New Features and Enhancements

  • Support for OpenSHMEM 1.5 teams and team-based collective operations.
  • Device and host API support for strided RMA operations - ibput and ibget, from OpenSHMEM 1.6.
  • Device and host API support for non-blocking atomic operations.
  • Device and host API support for size-based RMA and signaling operations.
  • Device and host API support for all/any/some versions of point-to-point synchronization operations.
  • Device and host API support for signal set, add, and wait-until operations.
  • Fixed implementation of ishmem_free.
  • Compatible with Sandia OpenSHMEM (SOS) v1.5.3rc1 and newer releases.
  • Support for OFI PSM3 provider enabled networks via SOS.
  • Updated specification with the teams API, size-based RMA, non-blocking AMO, team-based collectives, all/any/some flavors of synchronization operations, utility extensions for print messages, etc.
  • An improved and additional set of unit tests covering functionality of the new APIs.
  • New examples illustrating use cases of Intel® SHMEM functionalities including the Teams APIs.
  • Updated launcher script to launch Intel® SHMEM applications on the available SYCL devices in the system.

Known Limitations

  • Only Sandia OpenSHMEM is currently supported as the host back-end.
  • Not all APIs from OpenSHMEM standard are supported. Please refer to Supported/Unsupported Features to get a complete view.
  • Intel® SHMEM requires a one-to-one mapping of PEs to SYCL devices. This implies that Intel® SHMEM executions must launch with a number of processes on each compute node that is no more than the number of available SYCL devices on each one of those nodes. By default, the Intel® SHMEM runtime considers each individual device tile to make up a single SYCL device and assigns a tile per PE.
  • All collective operations within a kernel must complete before invoking subsequent kernel-initiated collective operation.
  • To run Intel® SHMEM with SOS enabling the Slingshot provider in OFI, environment variable FI_CXI_OPTIMIZED_MRS=0 must be used. It is also recommended to use FI_CXI_DEFAULT_CQ_SIZE=131072.
  • To run Intel® SHMEM with SOS enabling the verbs provider, environment variable MLX5_SCATTER_TO_CQE=0 must be used.
  • Inter-node communication in Intel® SHMEM requires dma-buf support in the Linux kernel.

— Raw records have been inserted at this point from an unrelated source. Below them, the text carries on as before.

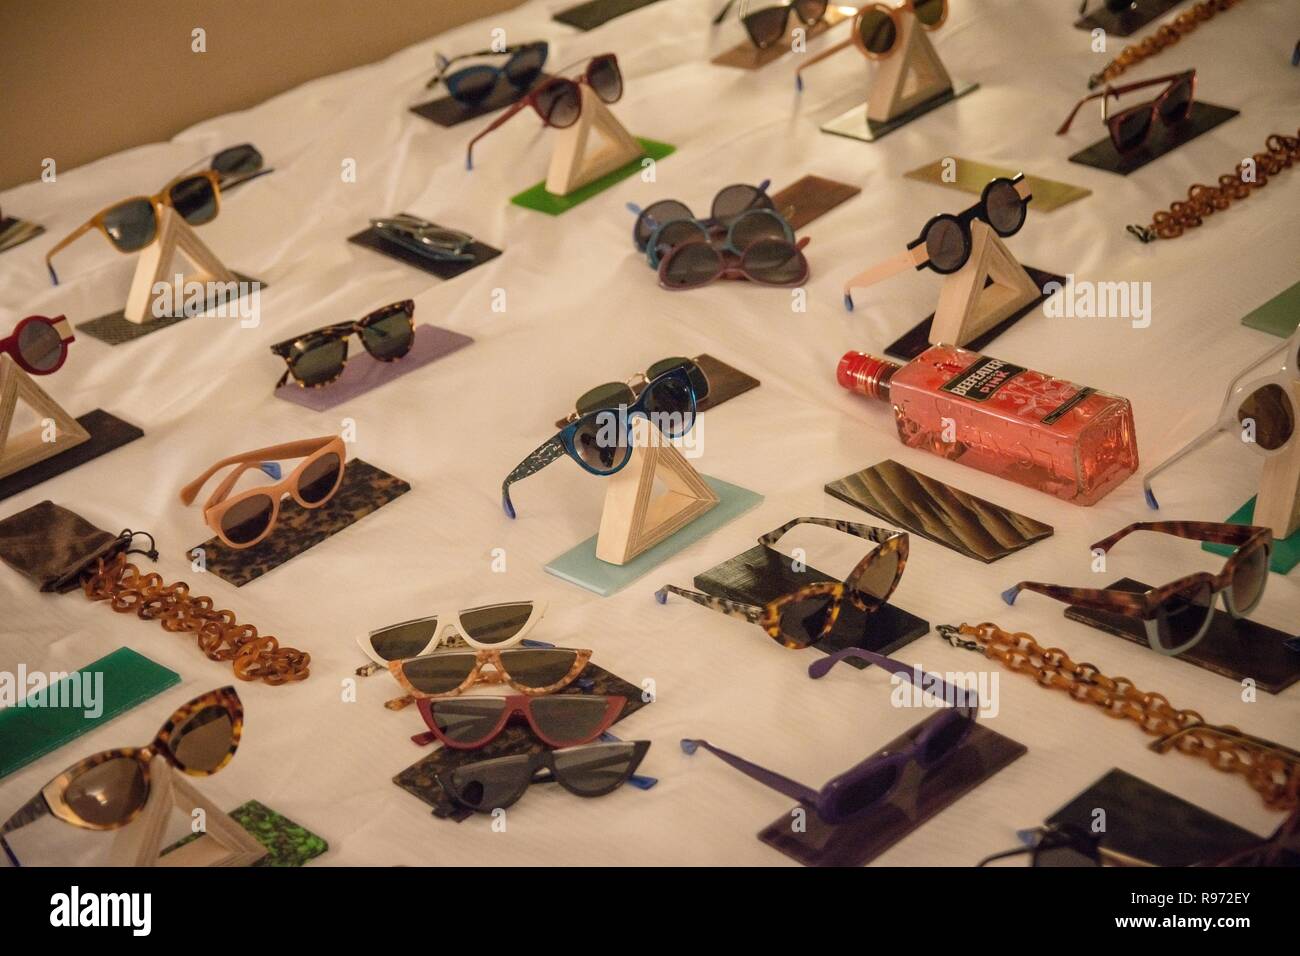 Collection de verre soleil vu pendant l'événement. Plus de 30 créateurs de mode de partout dans le monde, présentent leurs nouvelles collections au Hilton hotel dans le centre d'Athènes, Grèce. Certains d'entre eux sont FILA, LUV N Roll, HERAIS, théâtre D. ET LINDA CRUZ. Banque D'Images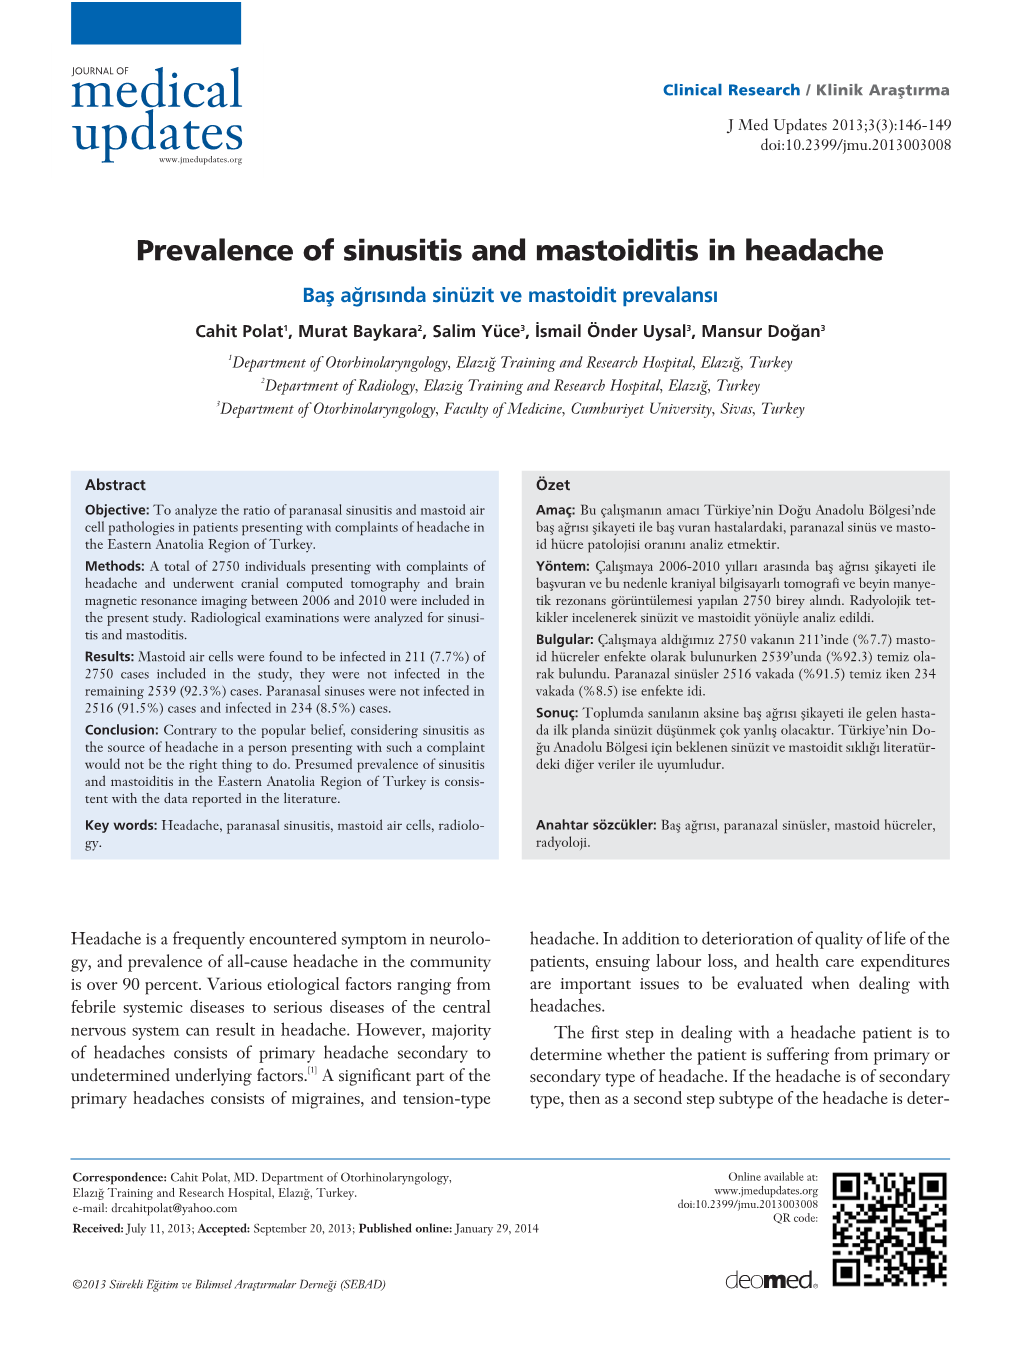 Prevalence of Sinusitis and Mastoiditis in Headache Baﬂ A¤R›S›Nda Sinüzit Ve Mastoidit Prevalans›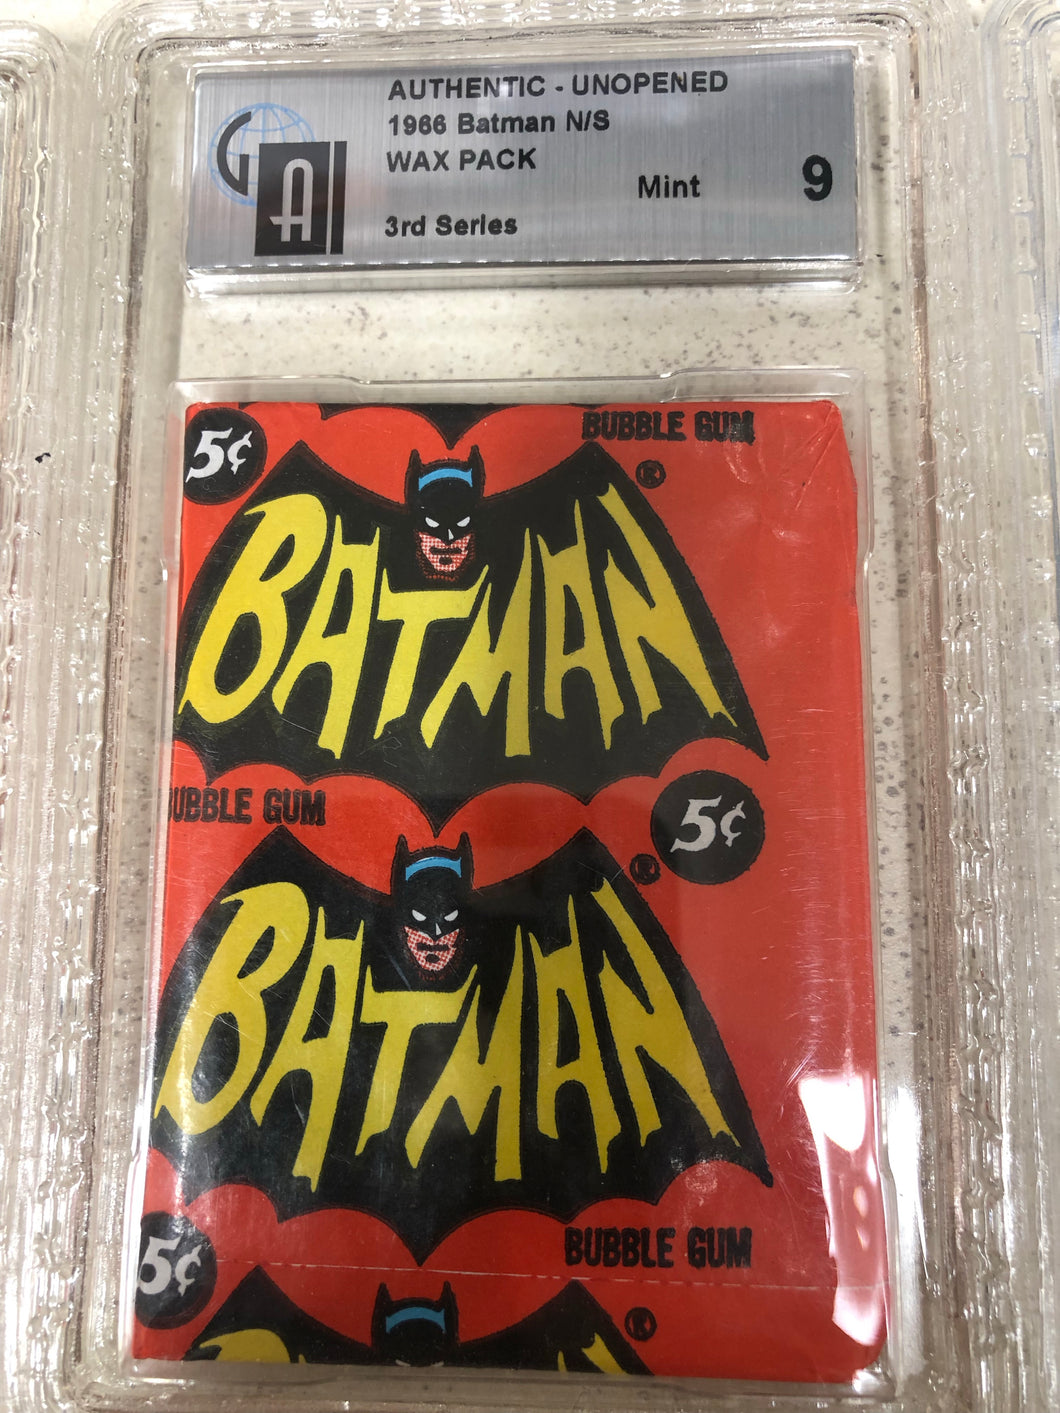 1966 GAI 9 Batman 3rd Series Wax Pack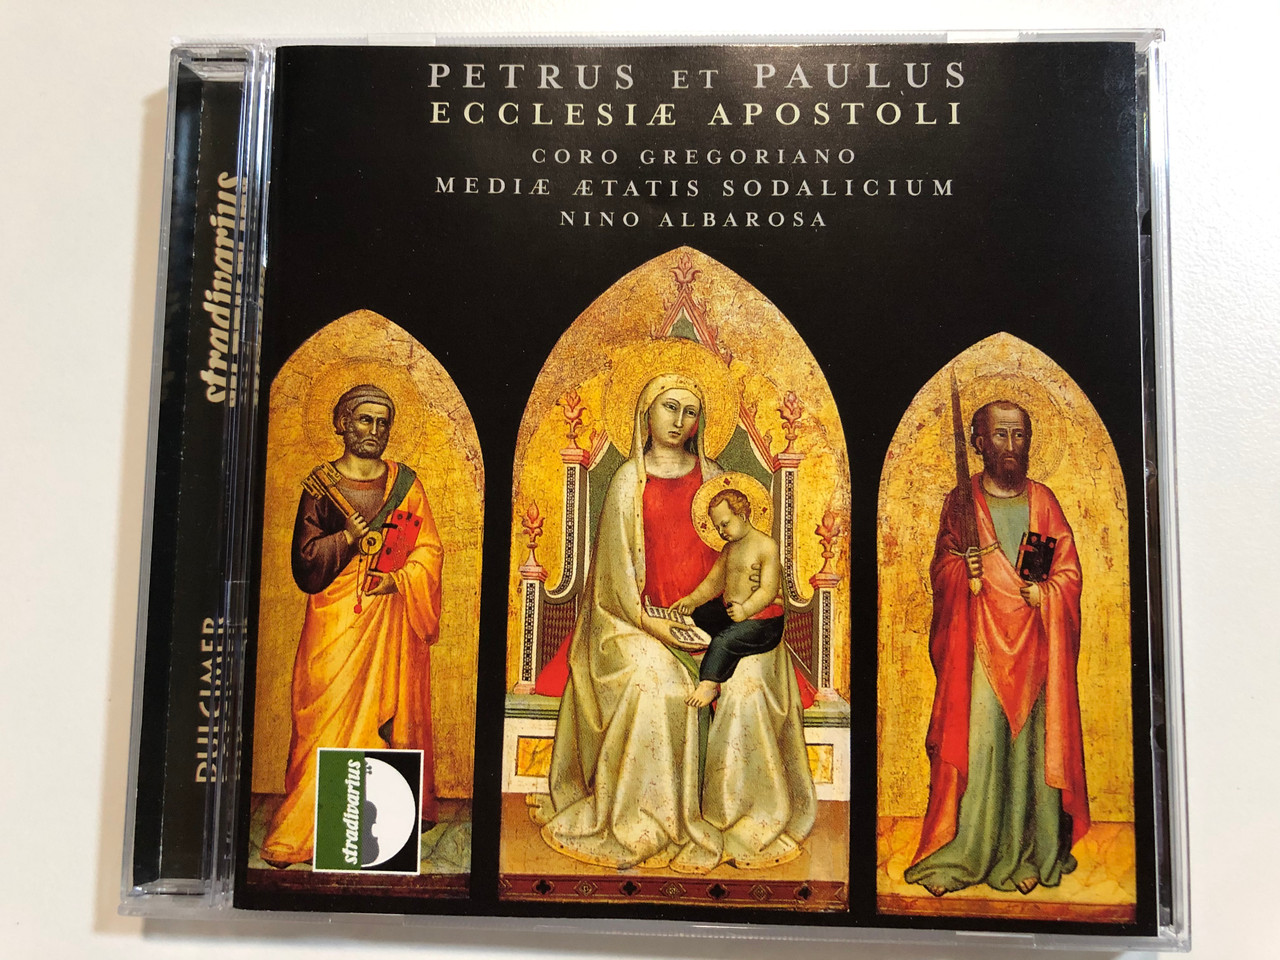 Petrus Et Paulus - Ecclesiae Apostoli / Coro Gregoriano, Mediae Aetatis  Sodalicium, Nino Albarosa / Stradivarius Audio CD 2003 / STR 33600 -  bibleinmylanguage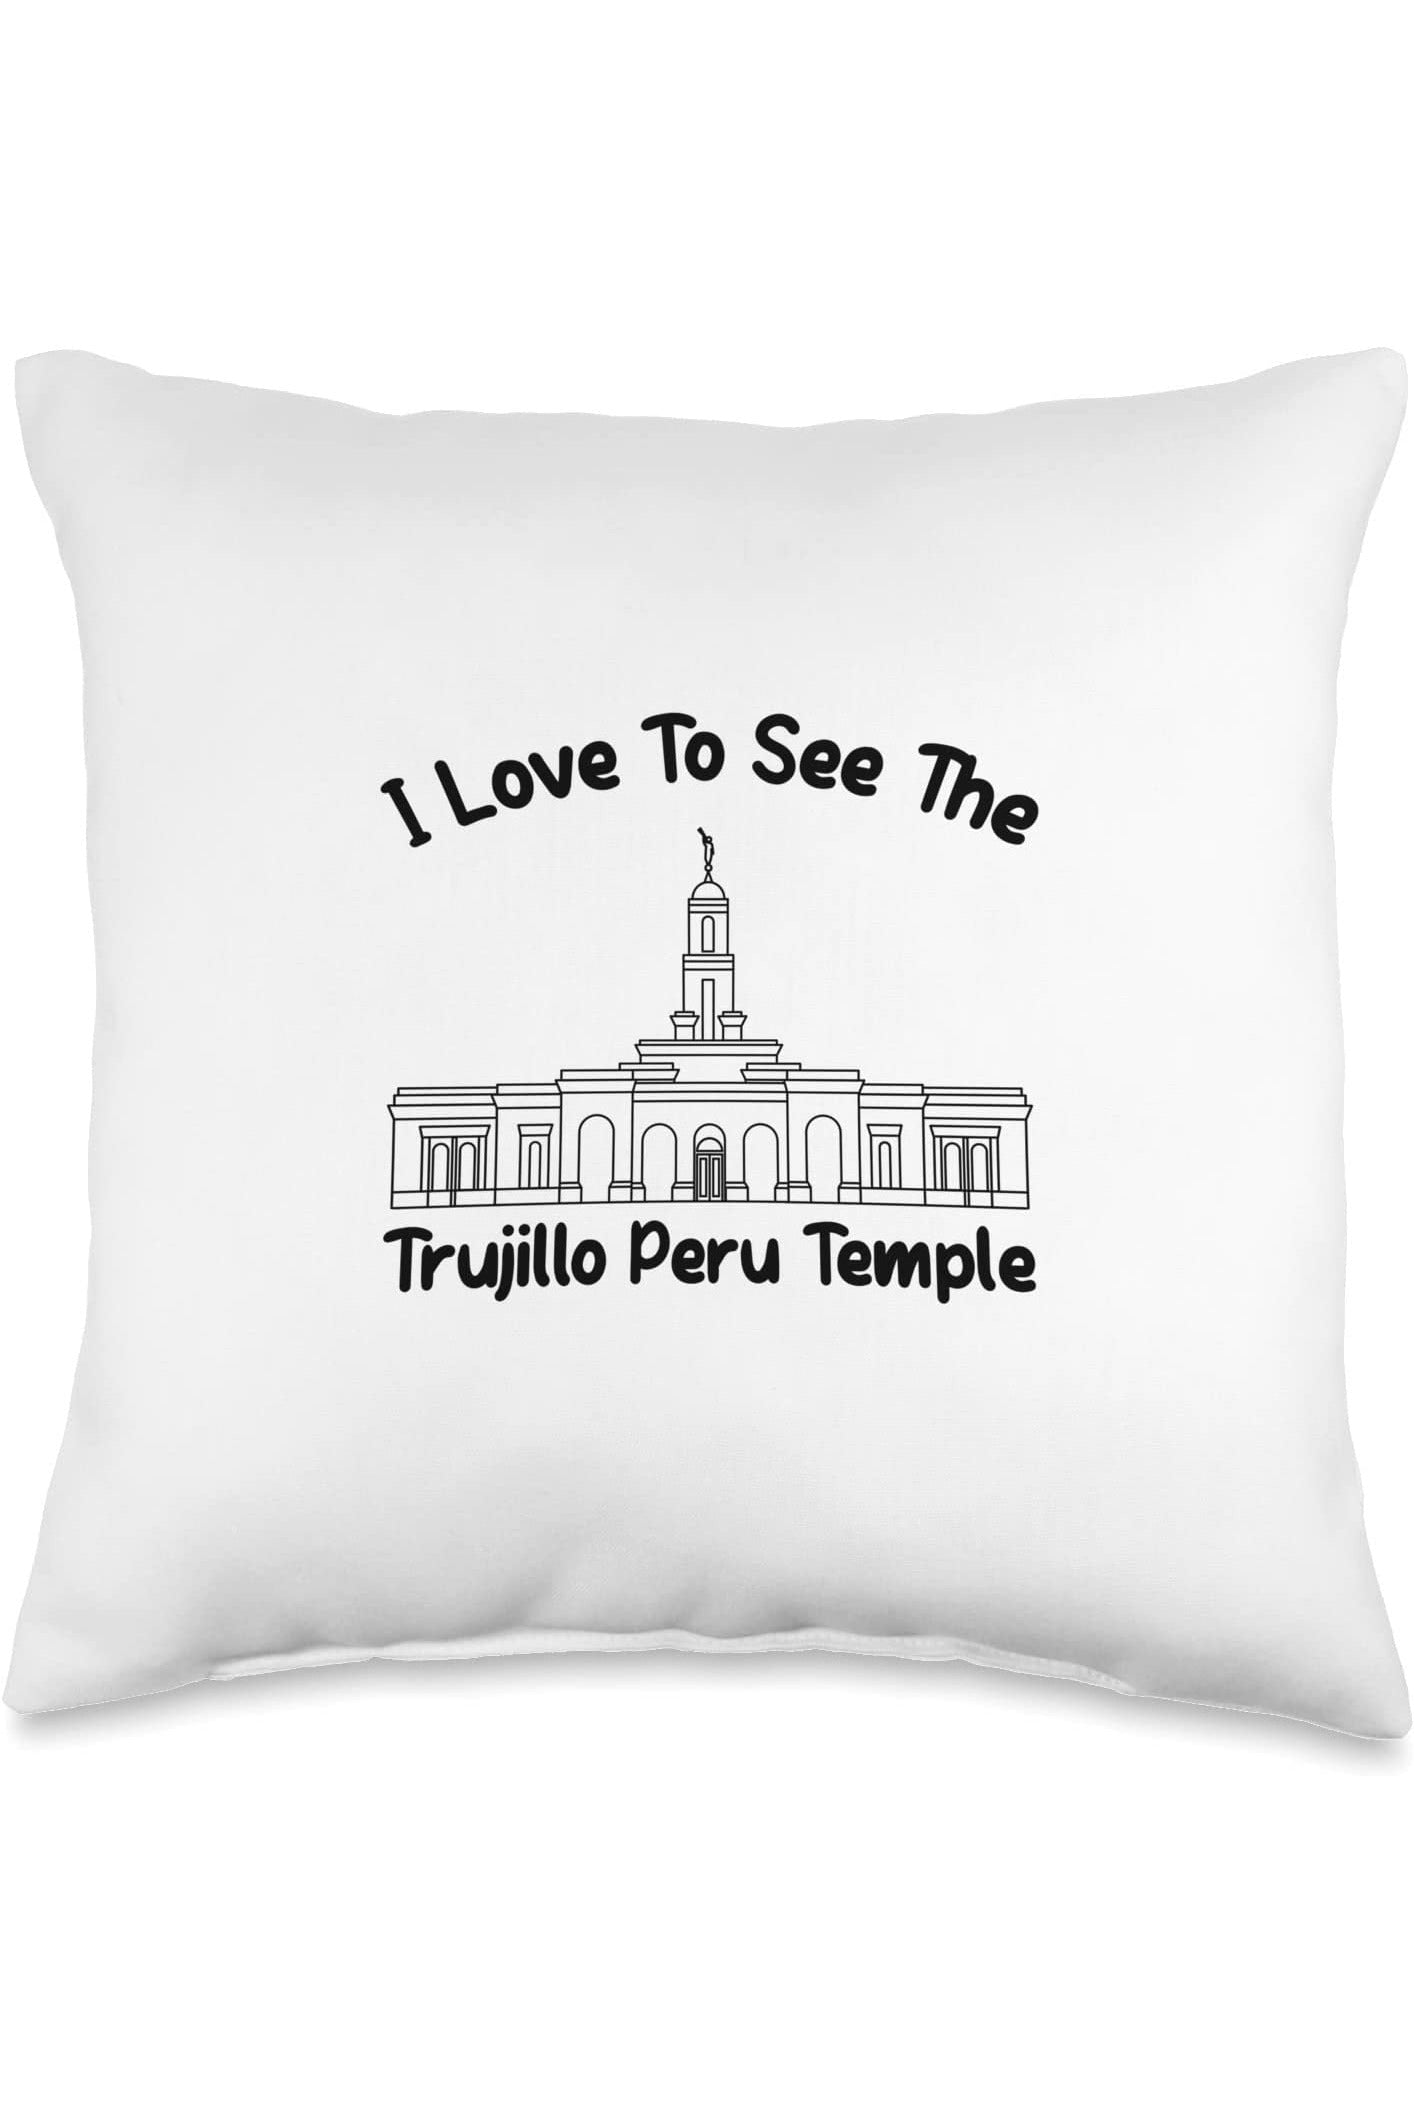 Trujillo Peru Temple Throw Pillows - Primary Style (English) US

Inter-node functionality in Intel® SHMEM Release 1.1.0 is tested with SUSE Linux Enterprise Server 15 SP4.

Release 1.0.0

New Features

  • OpenSHMEM programming on Intel® GPUs.
  • A complete specification detailing the programming model, supported API, example programs, build and run instructions, etc.
  • Device and host API support for OpenSHMEM 1.5 compliant point-to-point Remote Memory Access, Atomic Memory Operations, Signaling, Memory Ordering, and Synchronization Operations.
  • Device and host API support for OpenSHMEM collective operations across all PEs.
  • Device API support for SYCL work-group and sub-group level extensions of Remote Memory Access, Signaling, Collective, Memory Ordering, and Synchronization Operations.
  • Support of C++ template function routines replacing the C11 Generic selection routines from OpenSHMEM specification.
  • GPU RDMA support when configured with Sandia OpenSHMEM with suitable OFI providers as host back-end.
  • Support of bypassing device-to-device communication and using SYCL USM host memory as symmetric heap via environment variables.
  • A comprehensive set of unit tests to test out functionality of core operations.
  • A suite of performance benchmarks covering device-initiated operation performance for a subset of the operations.
  • An implementation of 2D stencil kernel utilizing Intel® SHMEM RMA operations.
  • Examples to illustrate different use cases of Intel® SHMEM functionalities.
  • A launcher script to launch Intel® SHMEM applications on the available SYCL devices in the system with the correct mapping.

Known Limitations

  • Only Sandia OpenSHMEM as the host back-end is currently supported.
  • Not all APIs from OpenSHMEM standard are supported. Please refer to Supported/Unsupported Features to get a complete view.
  • Intel® SHMEM requires a one-to-one mapping of PEs to SYCL devices. This implies that Intel® SHMEM executions must launch with a number of processes on each compute node that is no more than the number of available SYCL devices on each one of those nodes. By default, the Intel® SHMEM runtime considers each individual device tile to make up a single SYCL device.
  • Current implementation of ishmem_free does not release memory for use in subsequent allocations.
  • Intel® SHMEM does not yet support teams-based collectives. All collectives must operate on the world team.
  • All collective operations must complete before another kernel calls collective operations.
  • Intel® SHMEM forces assigning a single tile per PE when using ZE_FLAT_DEVICE_HIERARCHY in COMBINED or COMPOSITE mode.
  • To run Intel® SHMEM with SOS enabling the Slingshot provider in OFI, environment variable FI_CXI_OPTIMIZED_MRS=0 must be used. It is also recommended to use FI_CXI_DEFAULT_CQ_SIZE=131072.
  • To run Intel® SHMEM with SOS enabling the verbs provider, environment variable MLX5_SCATTER_TO_CQE=0 must be used.
  • Inter-node communication in Intel® SHMEM requires dma-buf support in the Linux kernel. Inter-node functionality in Intel® SHMEM Release 1.0.0 is tested with SUSE Linux Enterprise Server 15 SP4.